A group of police officers, lawyers and a doctor who doubled as the county coroner met again in November 1975 to prepare for another attempt.

“It’s like kidnapping your child and never knowing what happened to them.”

The group drafted a proposal to eliminate the elected medical examiner system and instead hire a full-time forensic pathologist as Idaho’s state medical examiner. Part-time doctors would be appointed to manage the district offices, assisted by a number of medically trained assistants. Gov. Cecil Andrus “supported the concept,” news outlet reports said at the time. The suggestion never gained traction; According to news reports, this would have required both an act of the legislature and a constitutional amendment.

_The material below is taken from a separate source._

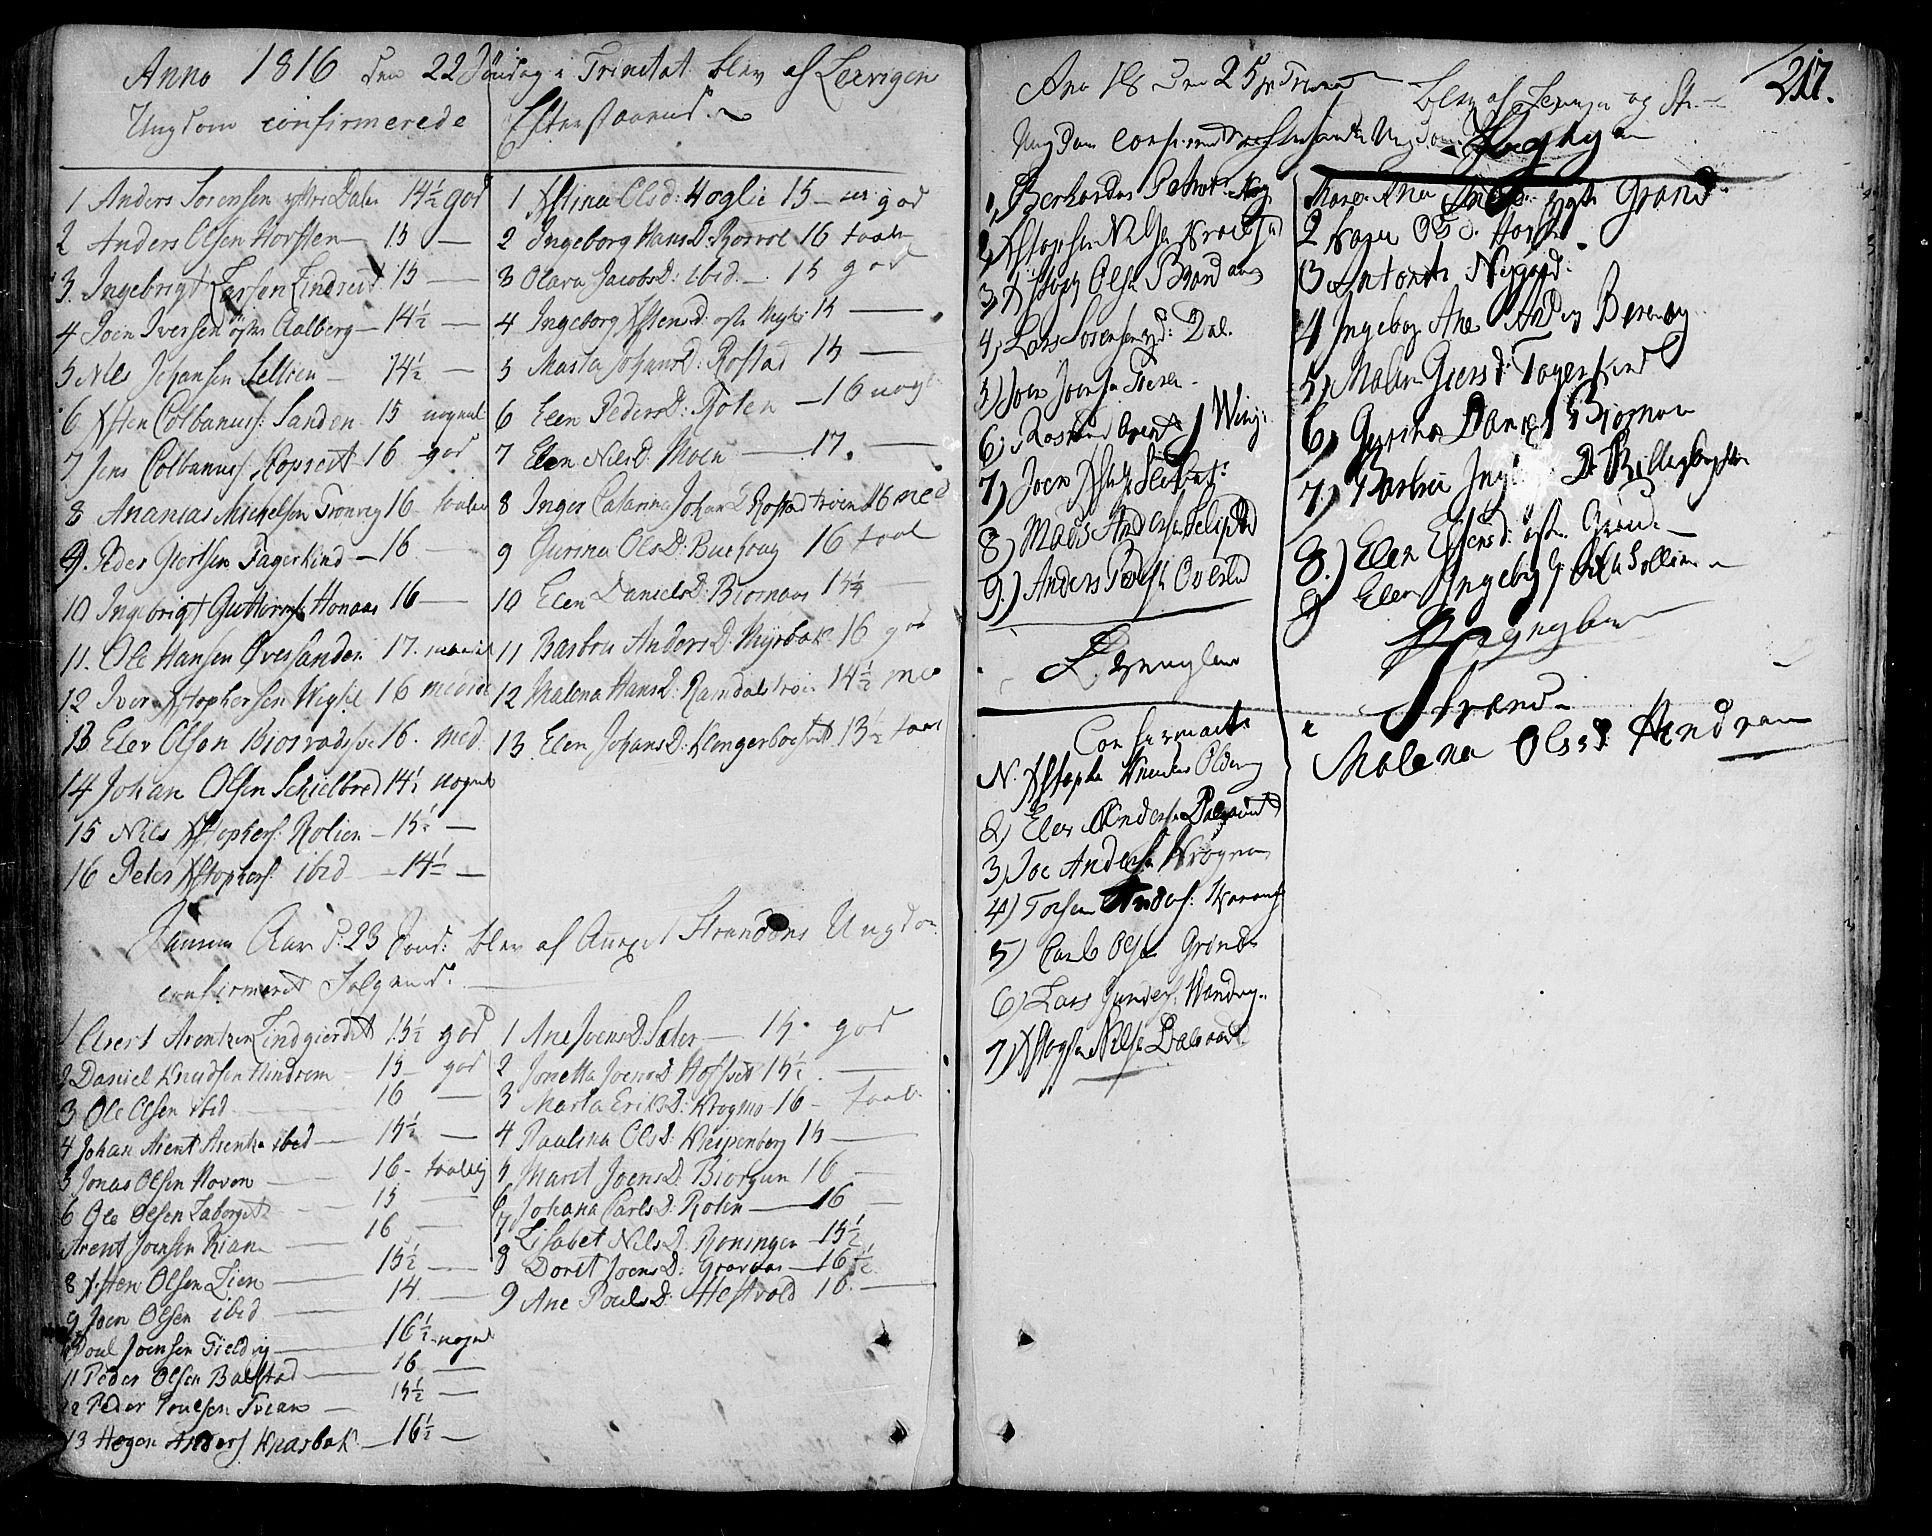 SAT, Ministerialprotokoller, klokkerbøker og fødselsregistre - Nord-Trøndelag, 701/L0004: Ministerialbok nr. 701A04, 1783-1816, s. 217

At the turn of the 21st century, lawmakers again tried to improve Idaho’s system.

Two bills in 1999 and 2000 would have created a state medical examiner’s office to oversee autopsies, support and train medical examiners and provide something Idaho has never had before: a “unified protocol” for death investigations.

Two other bills from 2003 and 2004 attempted to have a narrower scope: They established an autopsy requirement for sudden, unexplained deaths of infants.

Nobody passed.

A sponsor of the bill, a North Idaho Democrat, told a House committee in 2003 that her own baby’s death without an autopsy had been ruled SIDS, according to committee records. “She explained that parents deserve to know whether the child died of SIDS and that autopsies could alleviate some of the parents’ guilt.”

A woman whose grandson’s sudden death in Idaho was attributed to SIDS also supported the reform, saying SIDS is “a terrible explanation to give to a parent or grandparent.” It’s like kidnapping your child and never find out what happened to him,” she wrote to lawmakers. “One way to find out the cause is through autopsies. We need to set standards so that a cause can be found that will help prevent this death. No one should experience the pain of losing a child, especially if they don’t know why.”

The reforms were supported by local and national groups, including the American Academy of Pediatrics, the National Association of Medical Examiners and state children’s and firefighters associations.

The bills failed under pressure from local governments and individual coroners. The state medical examiner’s association and the state county association made a conflicting argument: The mandate to autopsy SIDS deaths was unnecessary because medical examiners in Idaho already performed autopsies on those deaths. but a mandate to do so would “require an increase in each coroner’s budget.”

Idaho ranks last in the nation in autopsies for deaths attributed to SIDS, according to a ProPublica analysis of statewide death certificate data. Idaho also has the lowest rate of any state in autopsies performed on child deaths from unknown or unnatural causes.

And in February of this year, Onyxx Cooley became part of that statistic.